Male gorillas and dogs fight it out for the chance to be alpha male and monopolize multiple females. Penguins and many other birds stick with their mates and help raise their offspring. Peacocks attract peahens with their looks.
In other species, male animals come in several varieties. Scientists who study orangutans have found that some adult males grow huge and aggressive -- embodying the typical alpha male. The other males never grow any bigger than the females, and instead of fighting over the chance to mate they sneak in and mate when the alpha males aren't paying attention. These so-called "sneakers" may go on this way indefinitely or, if one of the big males somehow dies or disappears, the sneaker male's hormones will trigger a huge growth spurt and he'll metamorphose into an alpha male.
In many species, sneakers look exactly like females -- so they can hang out with them all day long without getting into any trouble with the alpha male. Male sunfish come in large and small types and both get to mate, but take different approaches. An even more complicated species called the side-blotched lizard has three kinds of males.
Each type has a different color. There are orange lizards, which are bigger and act like alpha males. There are yellow ones that look just like females, probably to fool the alpha males. And then there are blue males, also small, whose strategy is to work together in pairs, one getting the female and the other playing the wing man. The blue wing men spend their time chasing away the yellow sneaker males.
It turns out the competition for sex among these three kinds of male lizards is like a game of rock-paper-scissors. The yellow males can triumph over the orange alphas by their sneaking. The blue males can triumph over the yellow sneakers through cooperation, but since they aren't in disguise like the yellows, blues tend to get beaten up by the orange lizards, who are bigger and meaner.
I also learned there's abundant homosexual behavior in male animals. Killer whales and manatees engage in gay trysts, while gay geese and ducks latch onto one another in devoted male-male partnerships. About 8 percent of domestic rams are gay -- a great source of frustration for sheep breeders.

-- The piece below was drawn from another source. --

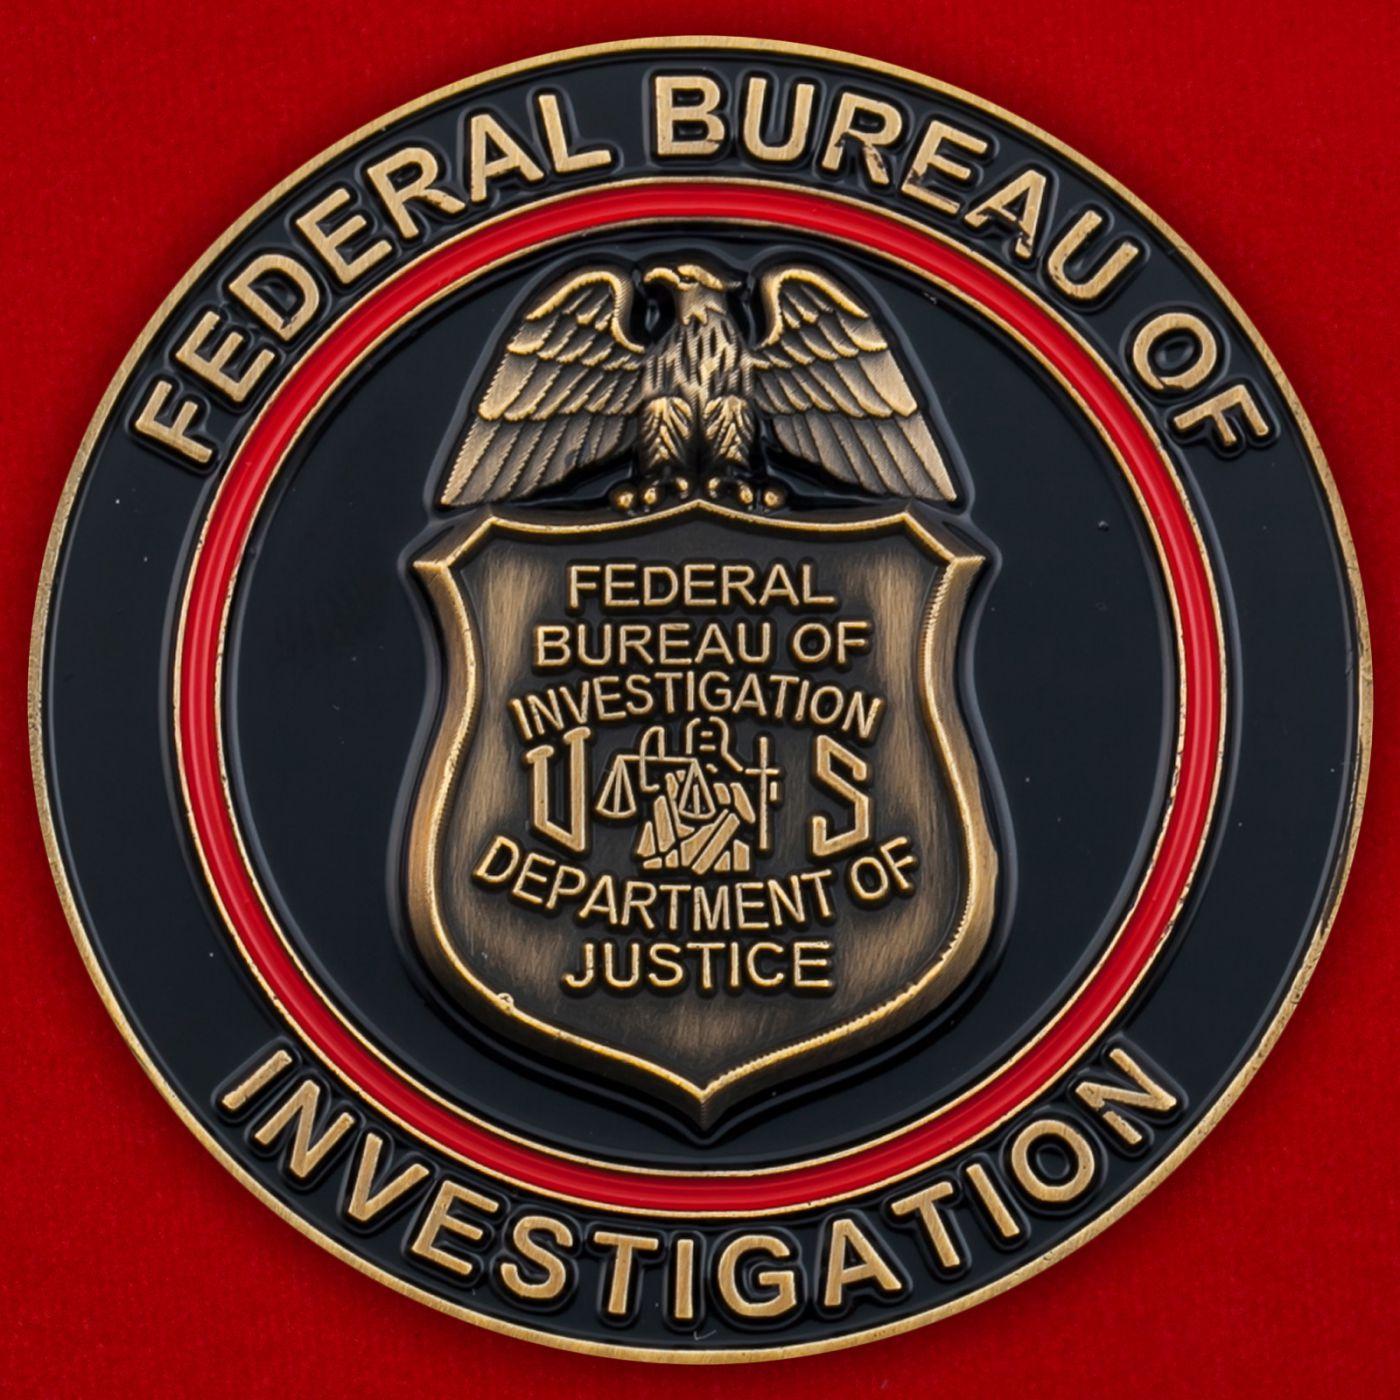 Челлендж коин спецагента по обезвреживаню взрывоопасных веществ отделения ФБР в Майами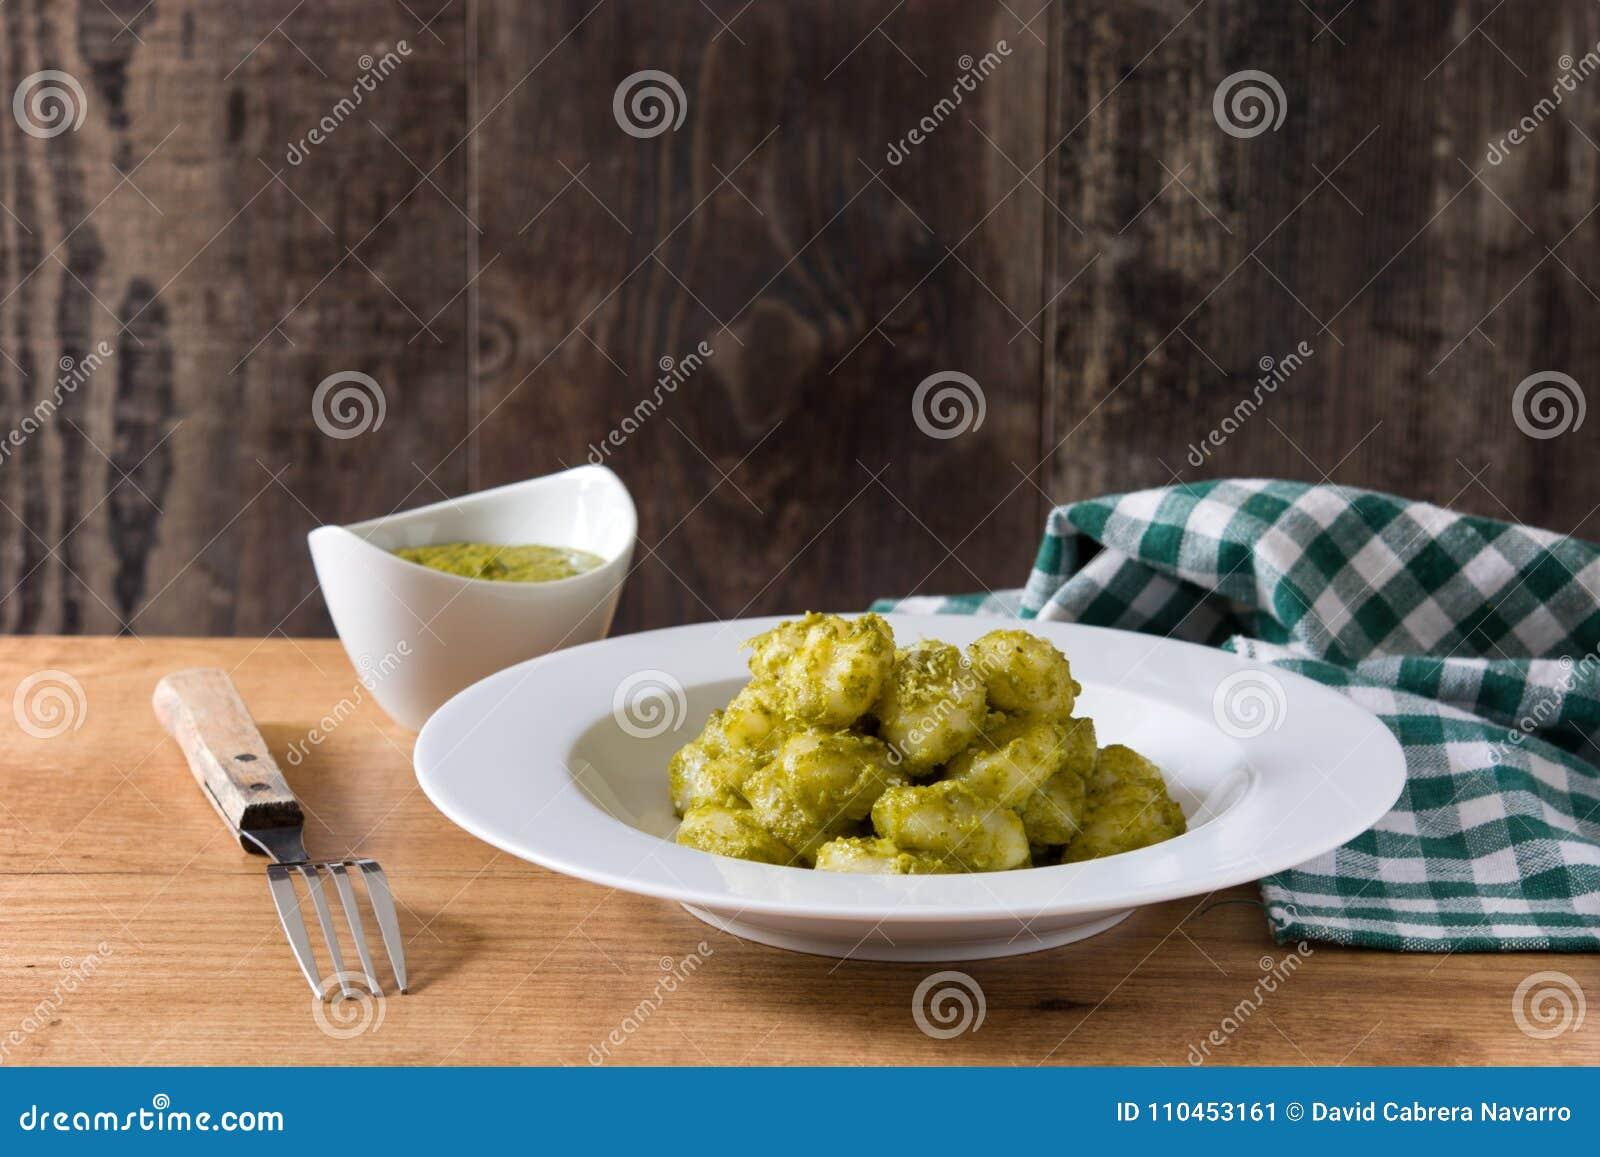 Gnocchi med pestosås i platta på trä

There are many theories about the persistence of homosexuality in nature -- but one of the most interesting connects it to the power of diversity, which gives creatures the flexibility to adapt to different circumstances.
If sheep and orangutans, fish and lizards can show so much male diversity, surely human males must employ an even more complicated variety of approaches to life and sex. And that's exactly what we see. Some men desire nothing more than to raise a family with one lifelong partner.
Other men just want to have fun. One man I interviewed admitted to having sex with more than 200 women by the time he turned 40. But he was ready to change -- and hoped to find someone to inspire him to settle down. Others may start out devoted to one partner but then their circumstances change -- they get elected governor of some state -- and they start mating with other women, too. Others get a taste of power and use it to attract other men.
I liked males as a sex before I even considered writing this book. Now I've learned to appreciate the glorious diversity of the world's males -- human and otherwise. Surely males are every bit as complicated and intriguing as females.
I wish Americans weren't quite so touchy about the sexes. And so my next book will cover something much less likely to invite trouble -- the beginning of the universe or perhaps the search for planets outside the solar system.